Lisa Davis 3 mins read

i Listrik Bergilir dan Ketergantungan pada Batu Bara Latest Program menjadi sorotan akibat adanya pemadaman listrik bergilir di beberapa wilayah Jawa-Bali

Latest Program: Mati Listrik Bergilir, Segini Batu Bara yang Dibakar untuk Menerangi Indonesia

Program Terbaru: Mati Listrik Bergilir dan Ketergantungan pada Batu Bara

Latest Program menjadi sorotan akibat adanya pemadaman listrik bergilir di beberapa wilayah Jawa-Bali, yang dipicu oleh kurangnya pasokan batu bara. Perusahaan Listrik Negara (PLN) mengakui bahwa langkah ini merupakan hasil dari keterbatasan stok batu bara yang diakui sebagai energi utama untuk menghasilkan listrik. Namun, pertanyaan besar muncul: seberapa besar kontribusi batu bara dalam menjaga kebutuhan energi nasional? Program Terbaru ini menyoroti kebutuhan akan batu bara yang semakin tinggi dan dampaknya terhadap sistem listrik Indonesia.

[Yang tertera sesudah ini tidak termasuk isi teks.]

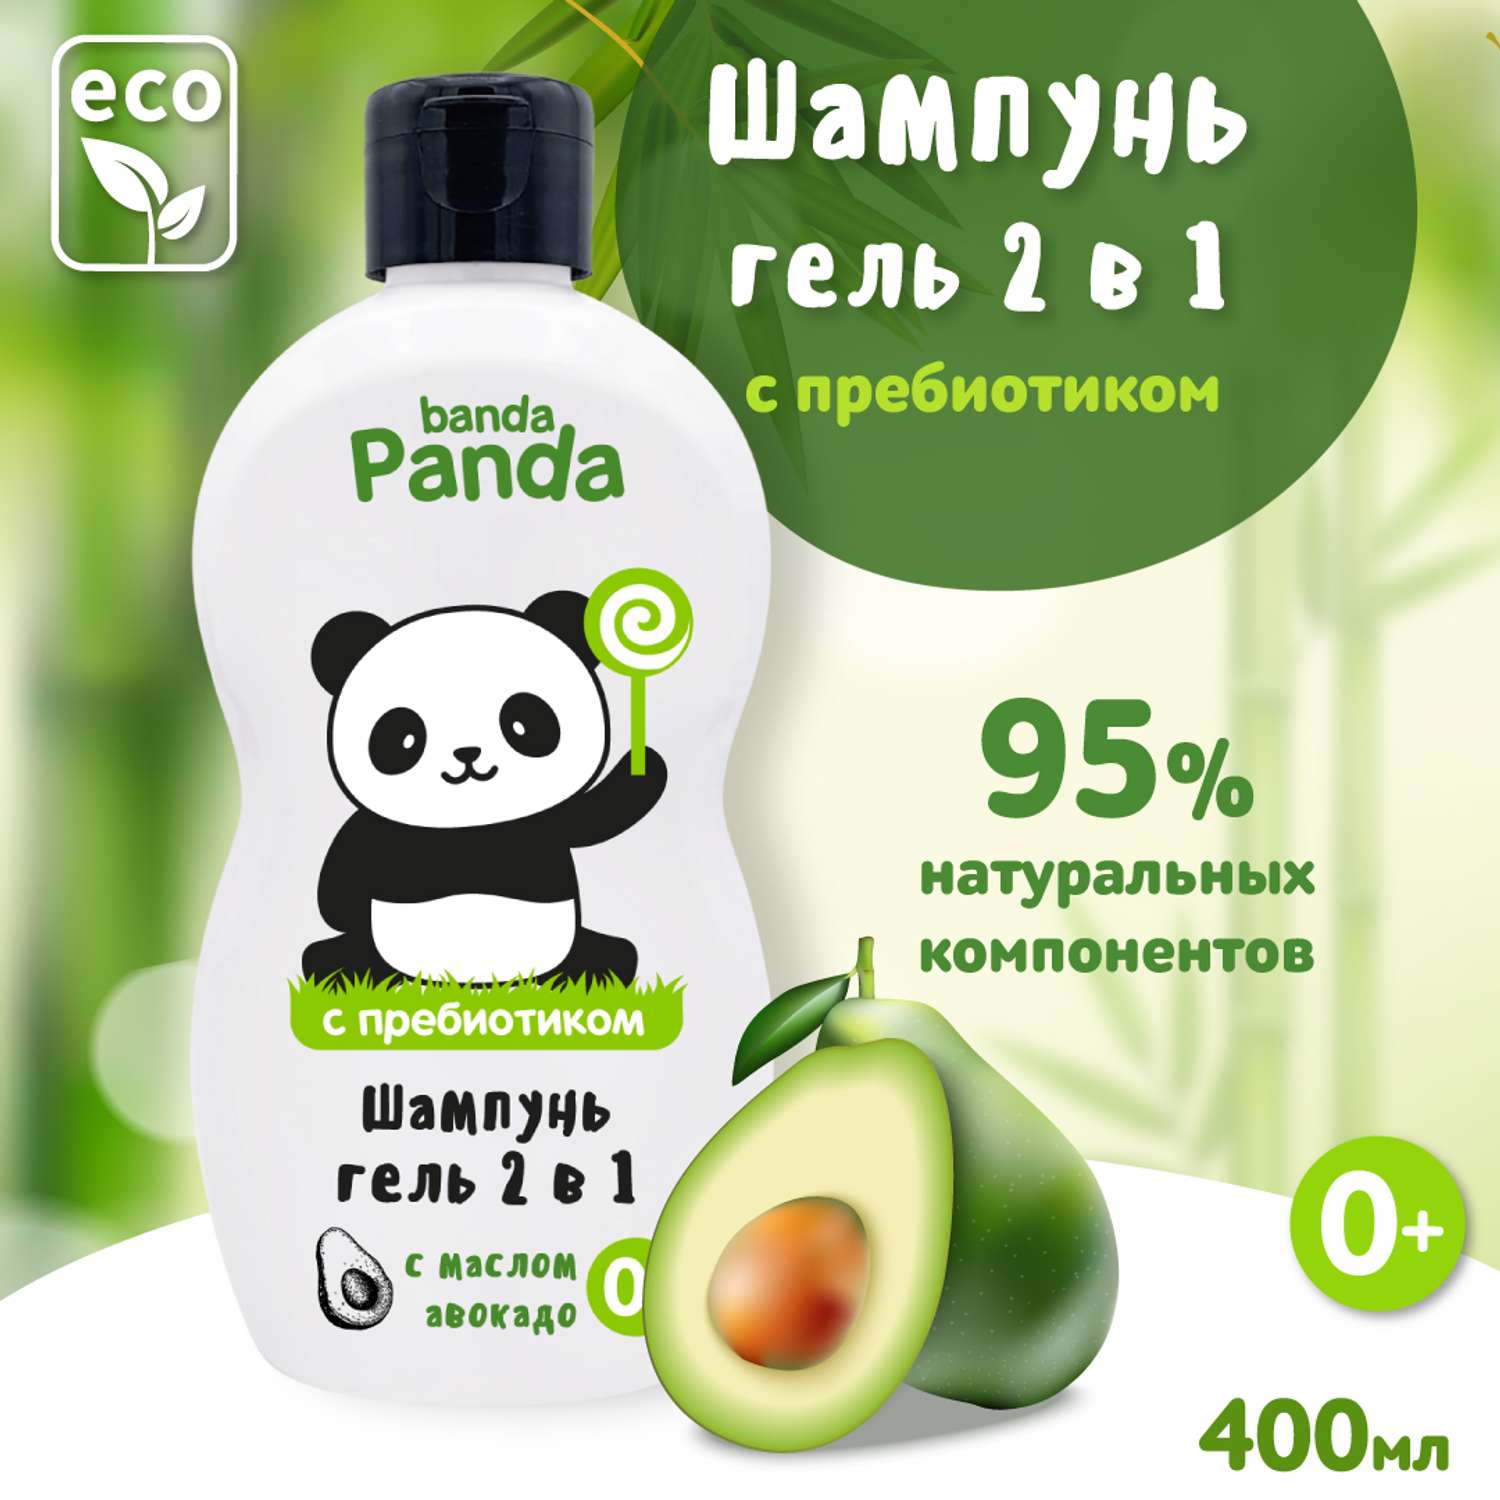 Шампунь-гель с Пребиотиком banda Panda 400мл для купания 2в1 с маслом авокадо 0+ - фото 1

Realisasi Pasokan DMO dan Distribusi Energi

Direktorat Jenderal Mineral dan Batu Bara mencatat bahwa pasokan batu bara dalam negeri melalui skema Domestic Market Obligation (DMO) mencapai 246,88 juta ton pada 2025. Dari total tersebut, sekitar 57 persen atau 141,4 juta ton dialokasikan untuk sektor kelistrikan, termasuk pembangkit PLN, IPP, dan industri pengguna listrik. Jumlah ini setara dengan kapasitas 4,7 juta truk berbobot 30 ton, yang jika dijejerkan dengan panjang rata-rata 10 meter per truk, mencapai 47 ribu kilometer—lebih panjang dari keliling bumi yang hanya 40 ribu kilometer. Kebutuhan energi terus meningkat, sehingga Program Terbaru mencoba memastikan distribusi batu bara tetap stabil.

DMO sendiri merupakan komitmen pemerintah untuk memastikan pasokan energi tercukupi dalam negeri. Meski jumlah batu bara yang dipasok untuk PLN hanya 78,41 juta ton pada 2025—naik 17,6 persen dari tahun sebelumnya—masih ada perbedaan signifikan antara konsumsi dan produksi. Produksi nasional batu bara mencapai 817,48 juta ton, dari mana sebagian besar—63,89 persen atau 523,35 juta ton—diekspor. Sementara sisanya, 48,25 juta ton, digunakan sebagai stok. DMO hanya menyumbang 30,2 persen dari total produksi, menunjukkan bahwa Program Terbaru harus lebih agresif dalam memperluas kuota.

Permintaan PLN dan Jenis Batu Bara yang Dibutuhkan

Pemadaman listrik bergilir terjadi karena kebutuhan PLN terutama terpenuhi oleh batu bara kalori menengah, yang memiliki nilai energi tinggi. Namun, ketersediaan jenis batu bara ini semakin terbatas, menyulitkan upaya memenuhi permintaan energi. Dalam Program Terbaru, kenaikan permintaan PLN diperkirakan mencapai 154 juta ton, tetapi hingga pertengahan Juni, kontrak pasokan baru hanya tercapai 134 juta ton, sehingga masih ada defisit sekitar 20 juta ton. Situasi ini memperlihatkan tantangan dalam manajemen batu bara, terutama dalam menjaga ketersediaan energi untuk memenuhi target Program Terbaru.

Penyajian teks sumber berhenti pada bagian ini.